__Required action__. Each entry below must come back exactly as written, without its pictures.

[[ Available data open ]]

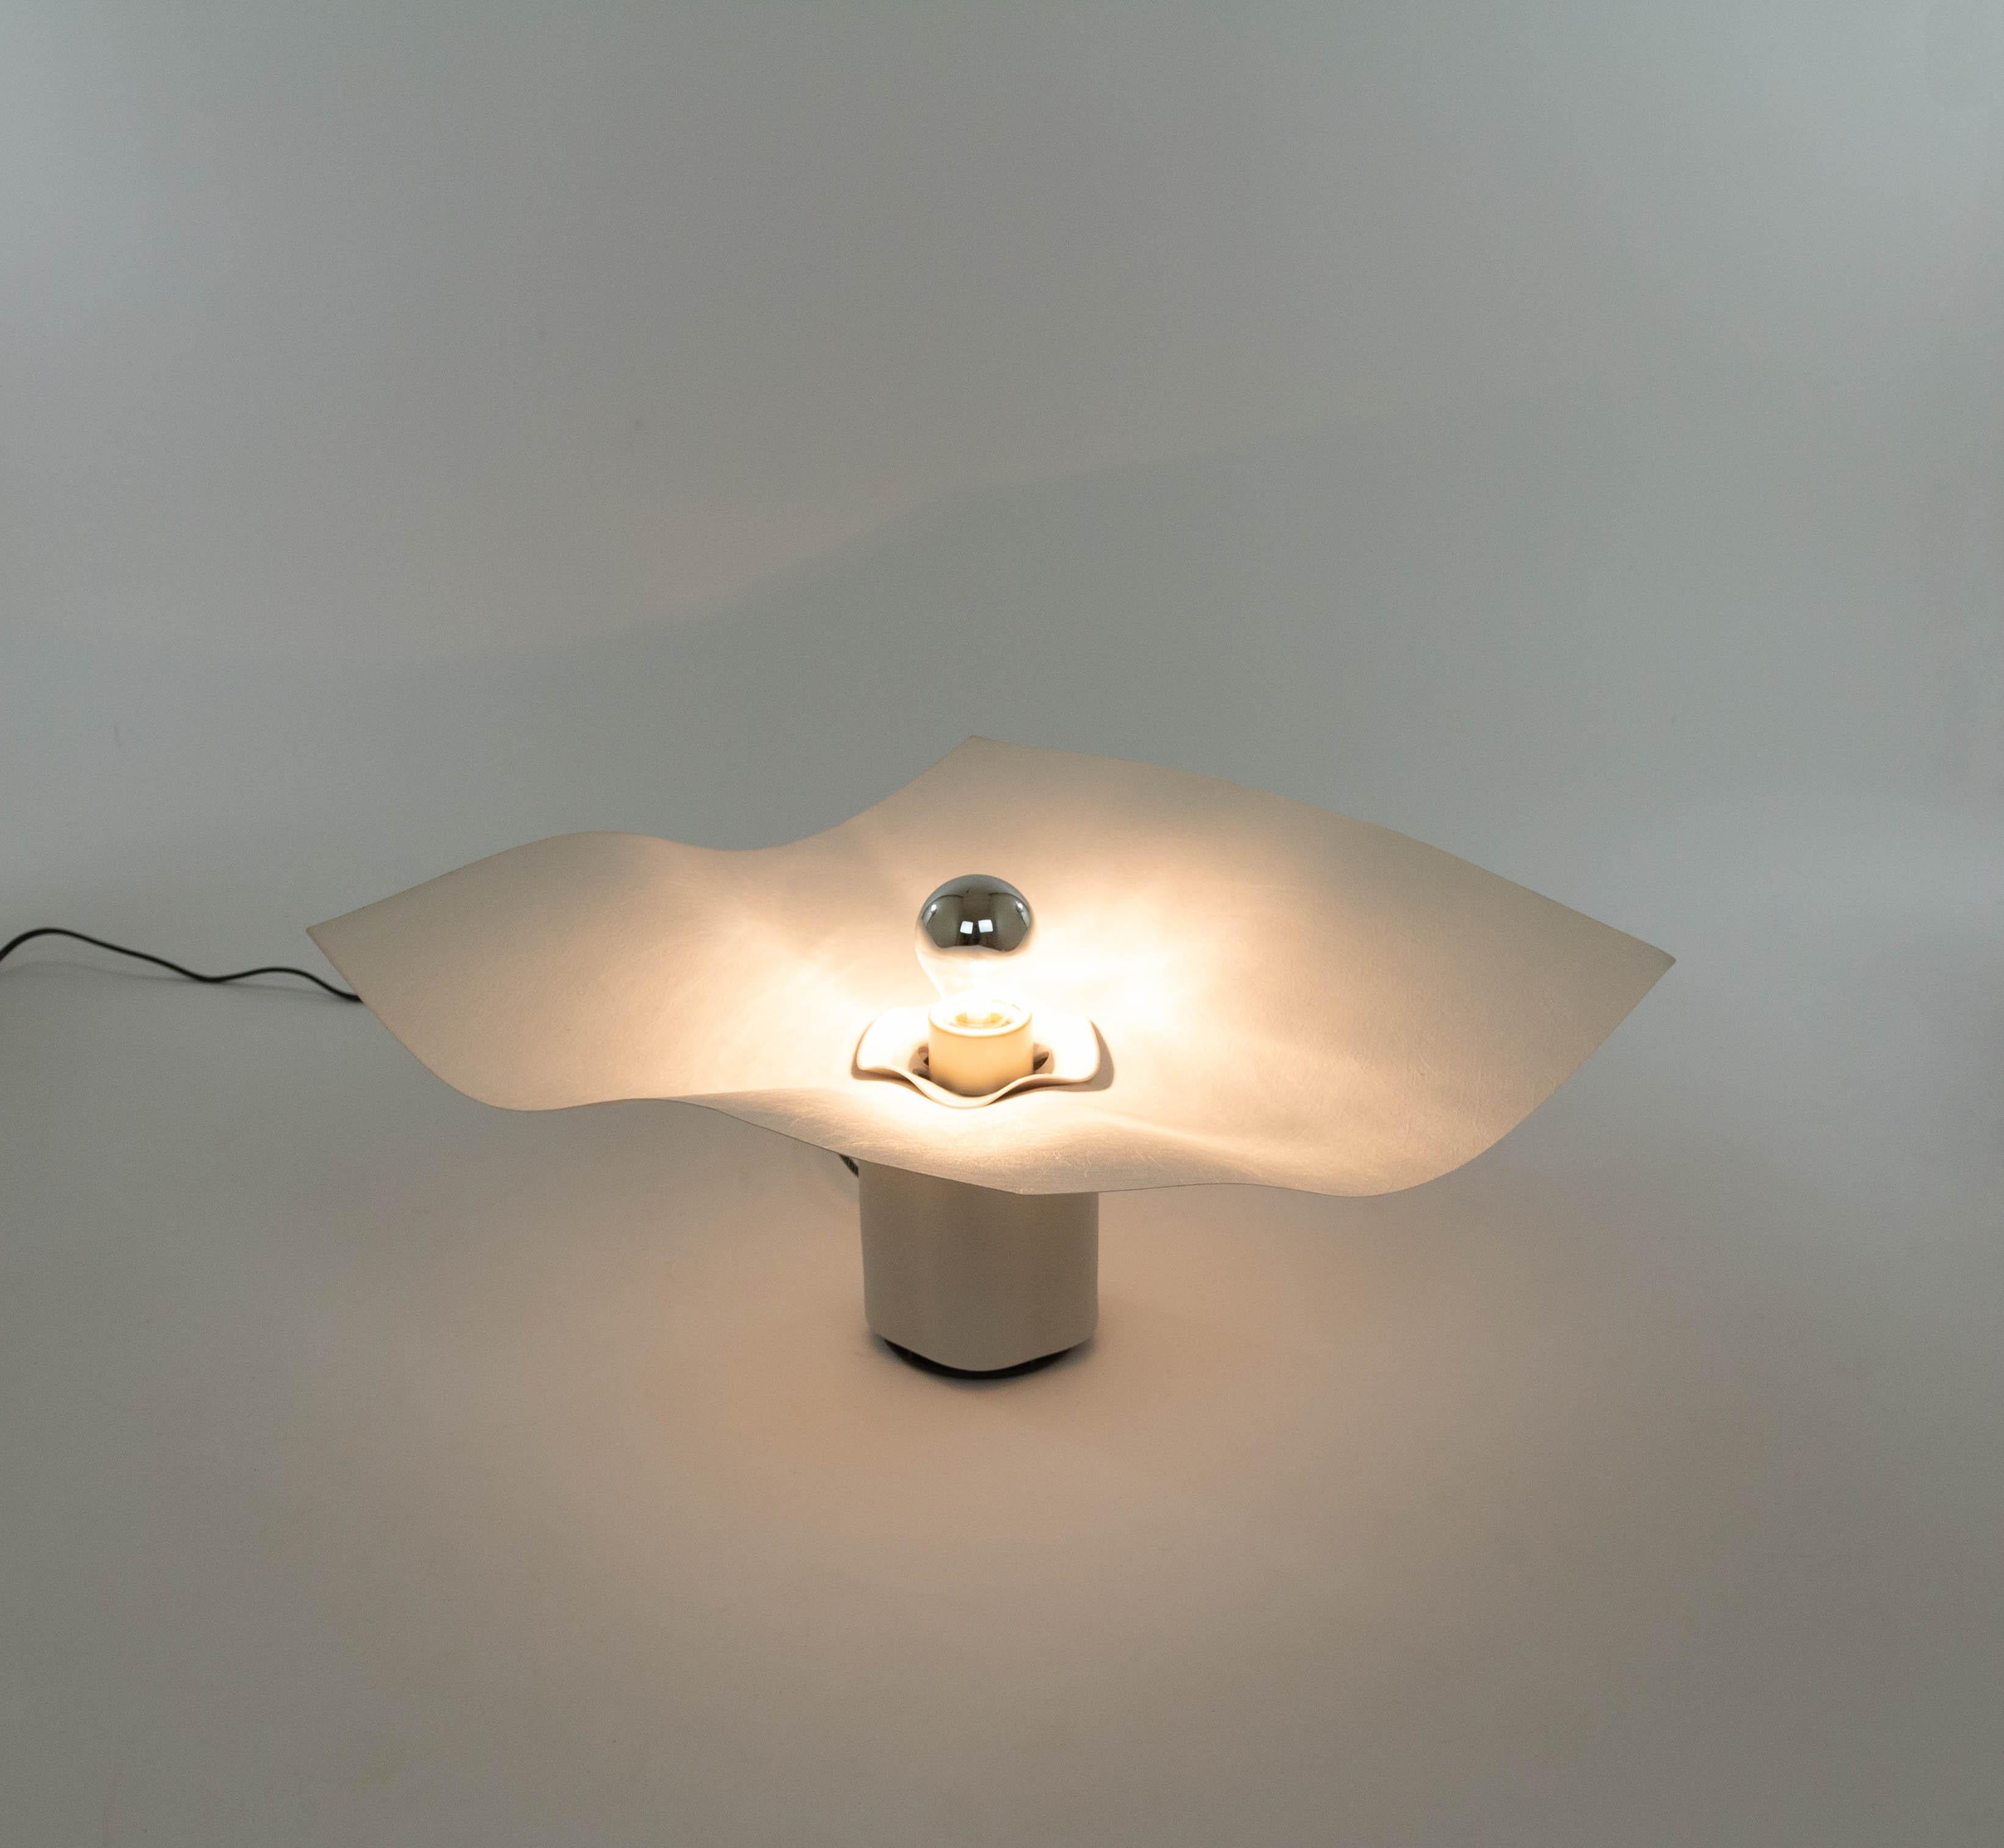 Lampe de table Area 50, conçue par Mario Bellini et fabriquée par Artemide dans les années 1970.

La lampe se compose d'une base en porcelaine blanche mate (18 cm de haut) et d'un diffuseur couleur crème en textile synthétique. Une pièce en
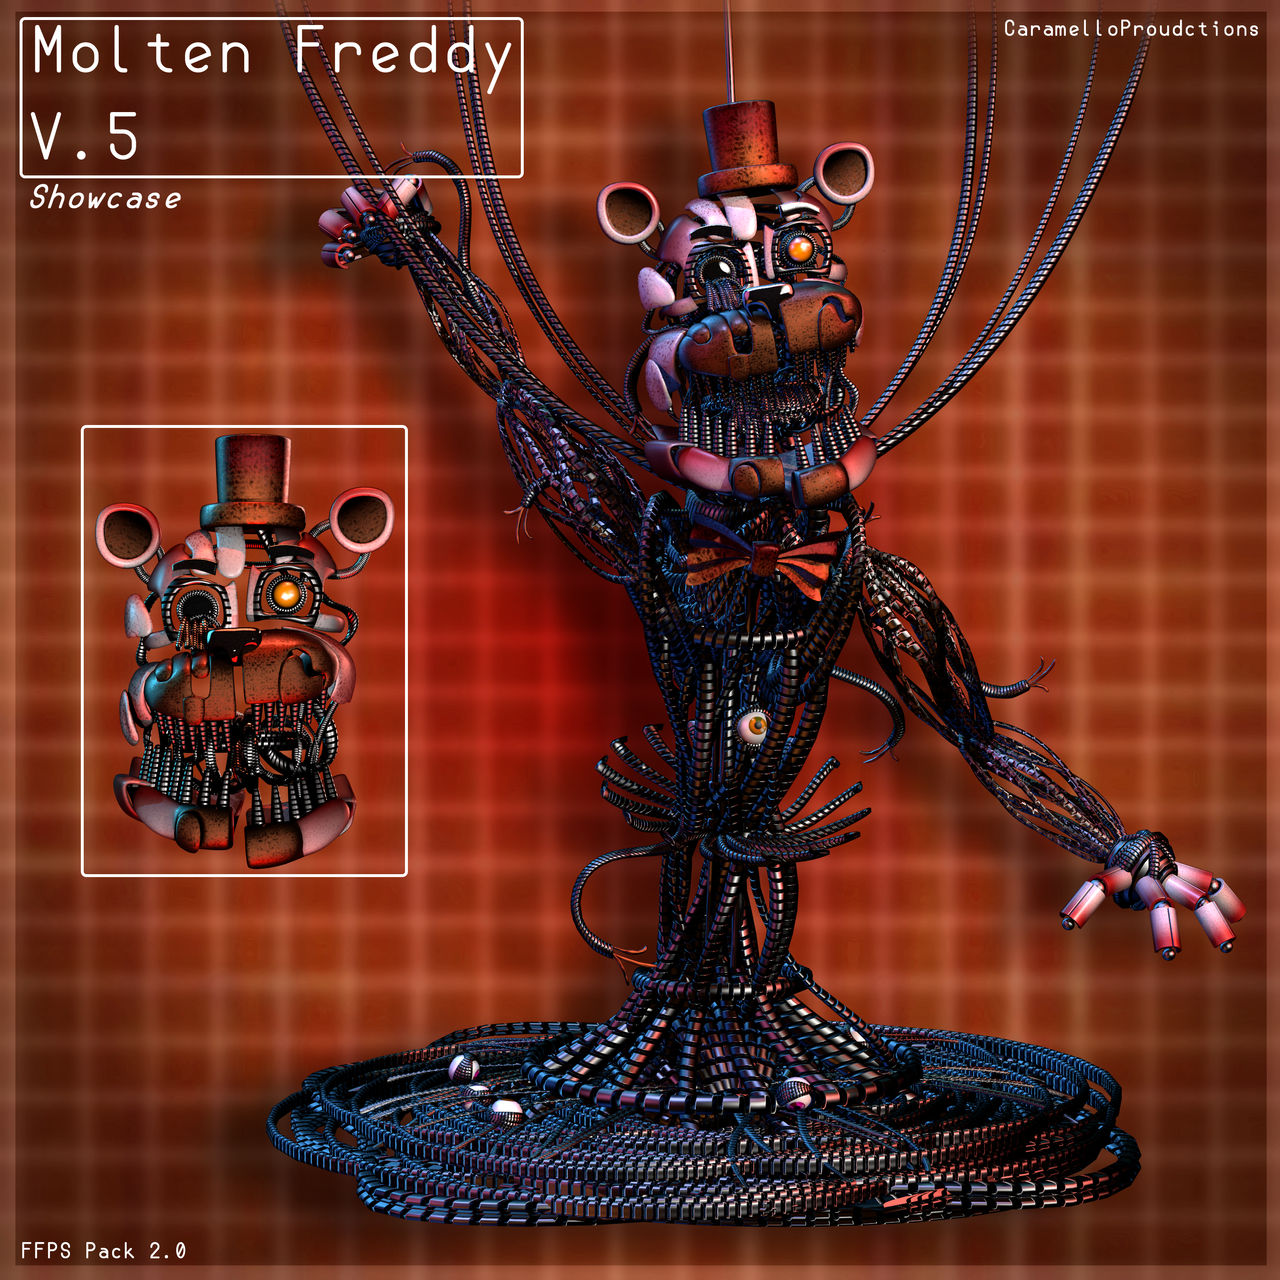 New Molten Freddy Render by darealccc on DeviantArt
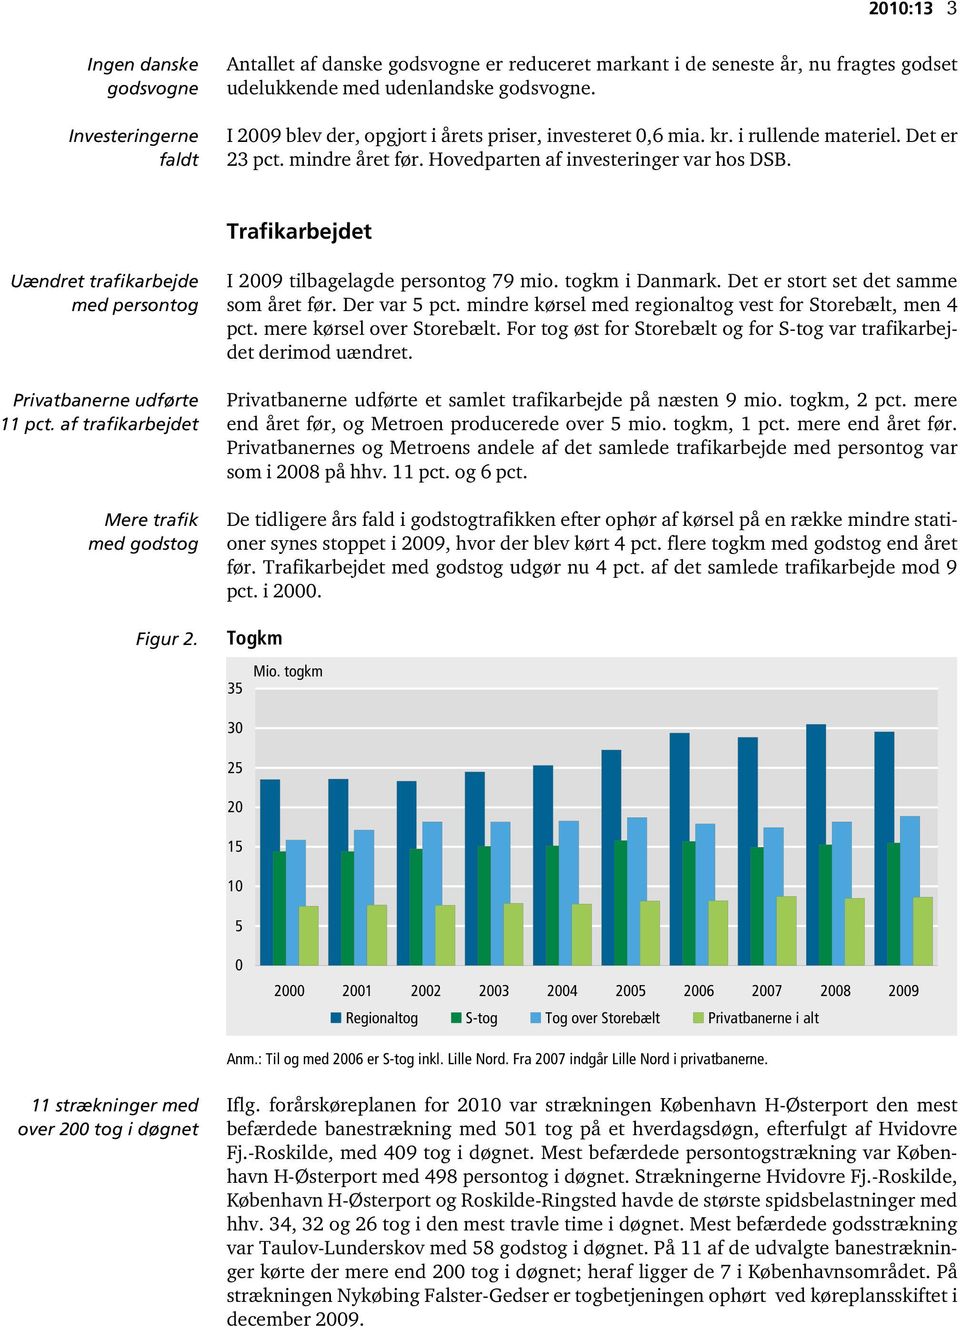 Trafikarbejdet Uændret trafikarbejde med persontog Privatbanerne udførte 11 pct. af trafikarbejdet Mere trafik med godstog Figur 2. I 2009 tilbagelagde persontog 79 mio. togkm i Danmark.
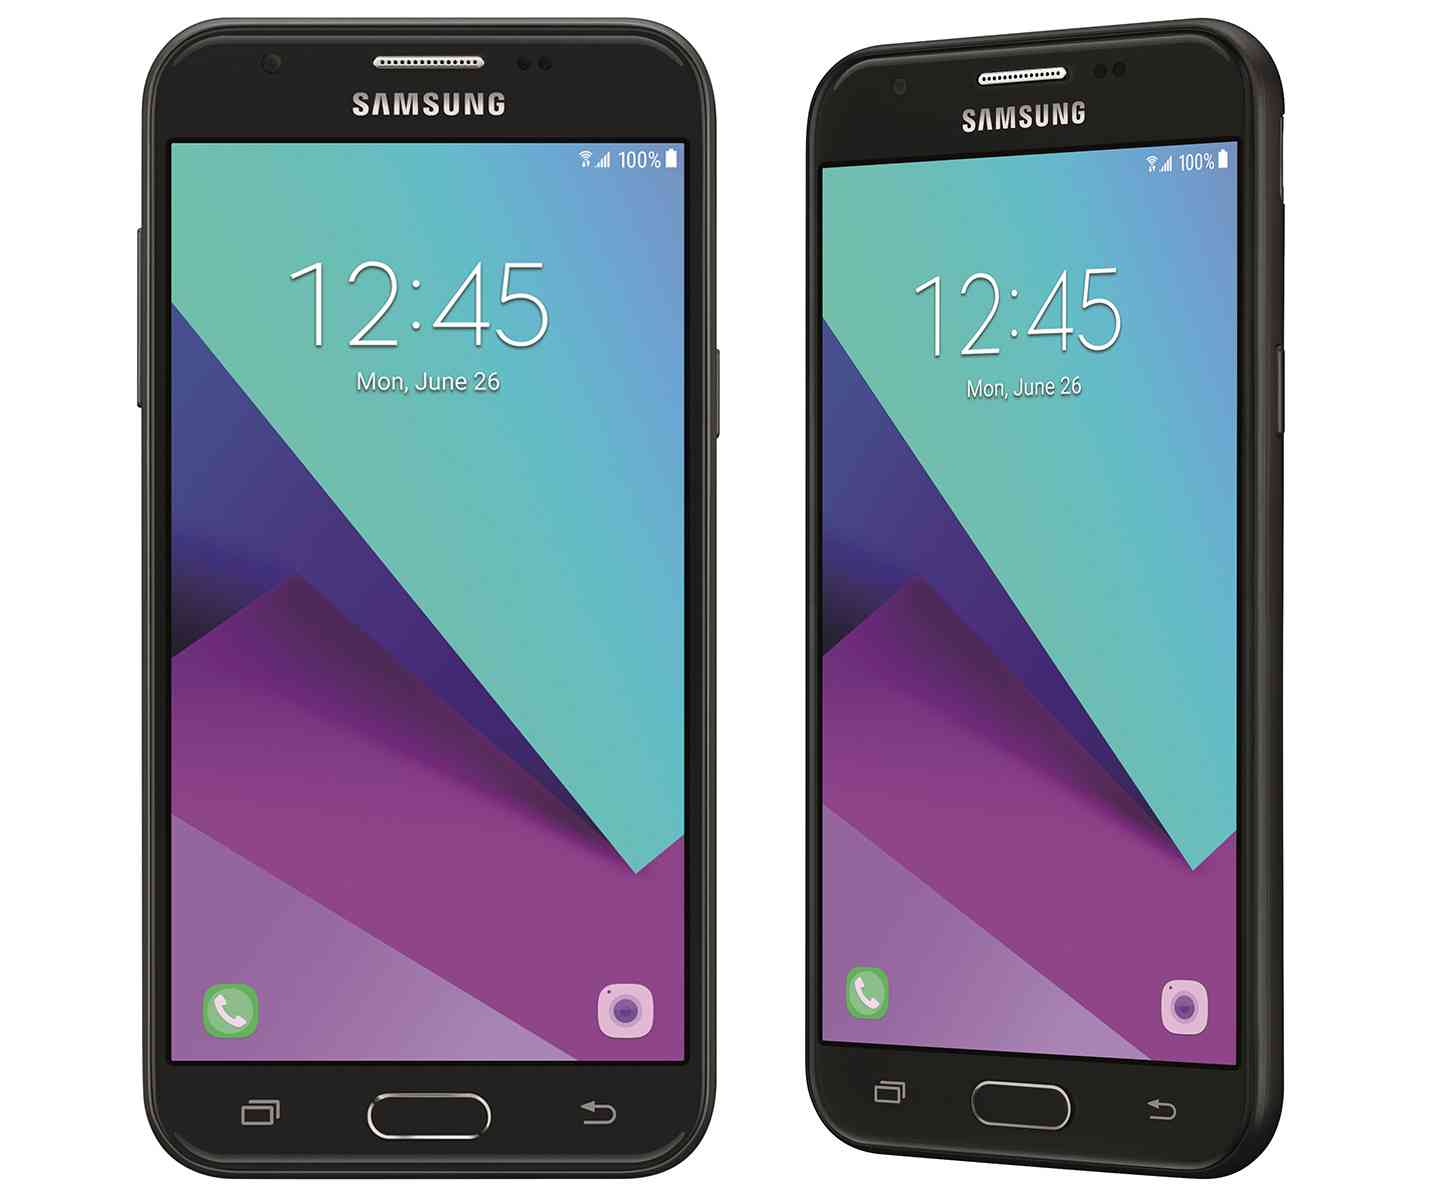 Samsung Galaxy J3 unlocked official

[[ Available data closed ]]

__Output for this exercise__.
 Lampe de table Area 50, conçue par Mario Bellini et fabriquée par Artemide dans les années 1970.

La lampe se compose d'une base en porcelaine blanche mate (18 cm de haut) et d'un diffuseur couleur crème en textile synthétique. Une pièce en
 New Molten Freddy Render by darealccc on DeviantArt
 Trafikarbejdet Uændret trafikarbejde med persontog Privatbanerne udførte 11 pct. af trafikarbejdet Mere trafik med godstog Figur 2. I 2009 tilbagelagde persontog 79 mio. togkm i Danmark.
 Samsung Galaxy J3 unlocked official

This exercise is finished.